CHRISTMAS IN THE CARIBBEAN:
Christmas is celebrated by Christians and non-Christians. Some of the secular activities associated with Christmas are quite charming and have become extremely popular all over the world. Caribbean people are involved in Christmas activities. They include gift-giving, parties, Christmas cards, Christmas music, The Masquerade and other activities
COMMON FEATURES OF CHRISTMAS CELEBRATION IN THE CARIBBEAN
The people of the Caribbean send Christmas cards to friends and family. These cards appeared during colonial times from the United States and England. The card representing snow was quite strange for people on the Islands. Not many people in the Caribbean use such cards today and the tradition of A White Christmas is replaced by sunny images of endless beaches.
Christmas music may be divided into three broad categories: religious, popular and folk.
Religious Christmas music includes hymns and songs used in churches, and classical compositions by composers such as Bach and Handel. Church members also perform as carolers (carol singers) in public places.
Popular Christmas songs associated with Christmas include: Rudolph the Red-Nosed Reindeer, Here Comes Santa and White Christmas are the most famous, like in the rest of the world.
The folk music is particular to each island or community. Yet the instruments used to play this music are mainly drums, flutes, rattles, tambourines, shack-shacks and the human voice. Occasionally sticks have been used to make music.
Christmas Radio and Television
Radio plays an important role at Christmas time. The stations always play a variety of Christmas music. They start Christmas programming around mid-November or earlier.
Christmas is the time for Hospitality. Families prepare food, cakes and other sweets for everyone: family, friends, colleagues, neighbours and so on. The boss in a company or a private person hiring an employee can often offer a piece of cake.
Redecorating the home
Traditionally, at Christmas time the house is turned upside down. It is carefully cleaned. If the owner has enough money the house is painted, inside and possibly out. The house can be redecorated: with new pieces of furniture, curtains and so on. In some communities, polishing and varnishing of old furniture is still done to be ready for Christmas Eve. Sometimes a ceremony is organized to celebrate the new decoration => house-warming.

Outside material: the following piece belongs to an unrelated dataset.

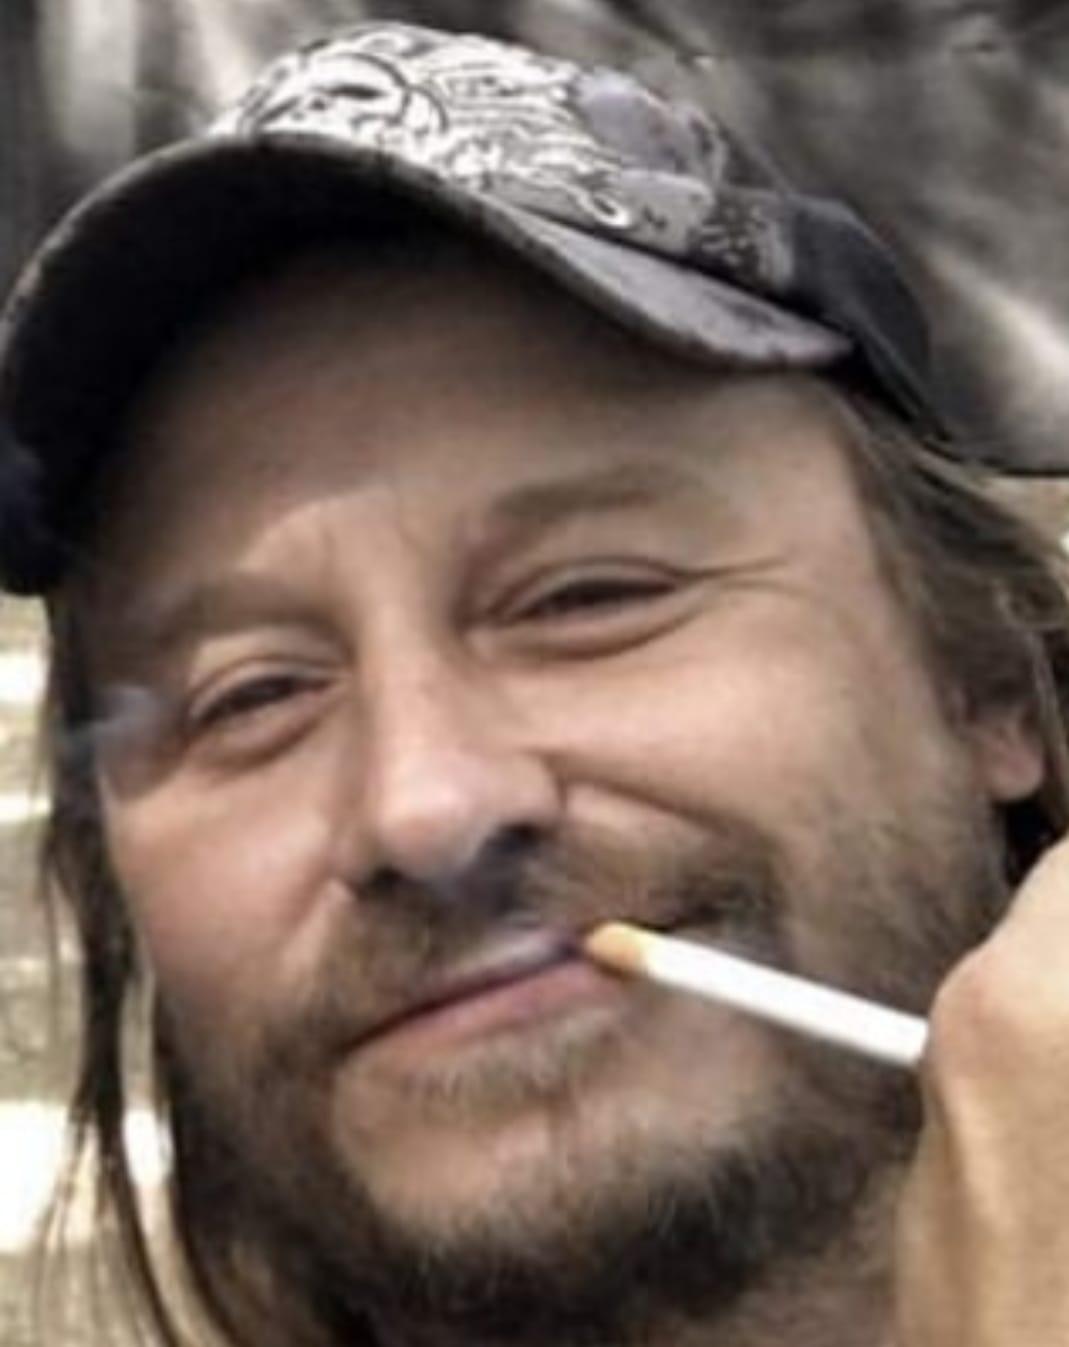 Lars-Göran Petrov vocalista de Entombed falleció el día de ayer

In the street, one may see Masquerade bands, performing and playing their special brand of music at Christmas time. That tradition was disappearing but an effort has been made to revive the tradition.
The term masquerade comes from masque (mask). Masqueraders wear masks which are supposed to have some particular meaning or to produce some particular effect.
The main performers in a masquerade band are the dancers and musicians. In addition to the face masks, the dancers almost always wear elaborate costumes. The most famous costumed characters are the Cow Head or Wild Cow (with prominent horns), the Horse Head, the Policeman, the man on stilts, the Devil and various representations of women. Fabric, mesh, tinsel, mirrors and other items were used in creating their colourful costumes.
The dancers invite people watching the Masquerade to take part into the show. The Cow or Mule (which are really performers dressed to represent these animals) rush among the crowds. Small children may be genuinely terrified, but their fear is regarded as part of the game.
The dancers, whose attraction was their fancy steps, would do something special, trying to please everyone.
The musicians, generally costumed too, pressed many different kinds of instruments into service, but drums and fifes (flutes) were dominant. They play kettle drums, gum bay drums, bamboo flutes, metal flutes, banjos, guitars, graters, triangles, bottle-and-spoon and other music- and noise-makers as they roam the community entertaining the high folk and the low. Modern instruments are used increasingly. The saxophone and clarinet are favourites in some locations.
During the performance one or more of the members of the band would approach those being entertained in order to collect money, sometimes food, sometimes liquor (alcohol).
The spectators generally gave them encouragement. In Guyana, it is common to hear the lookers on shouting “Blow, man, blow.”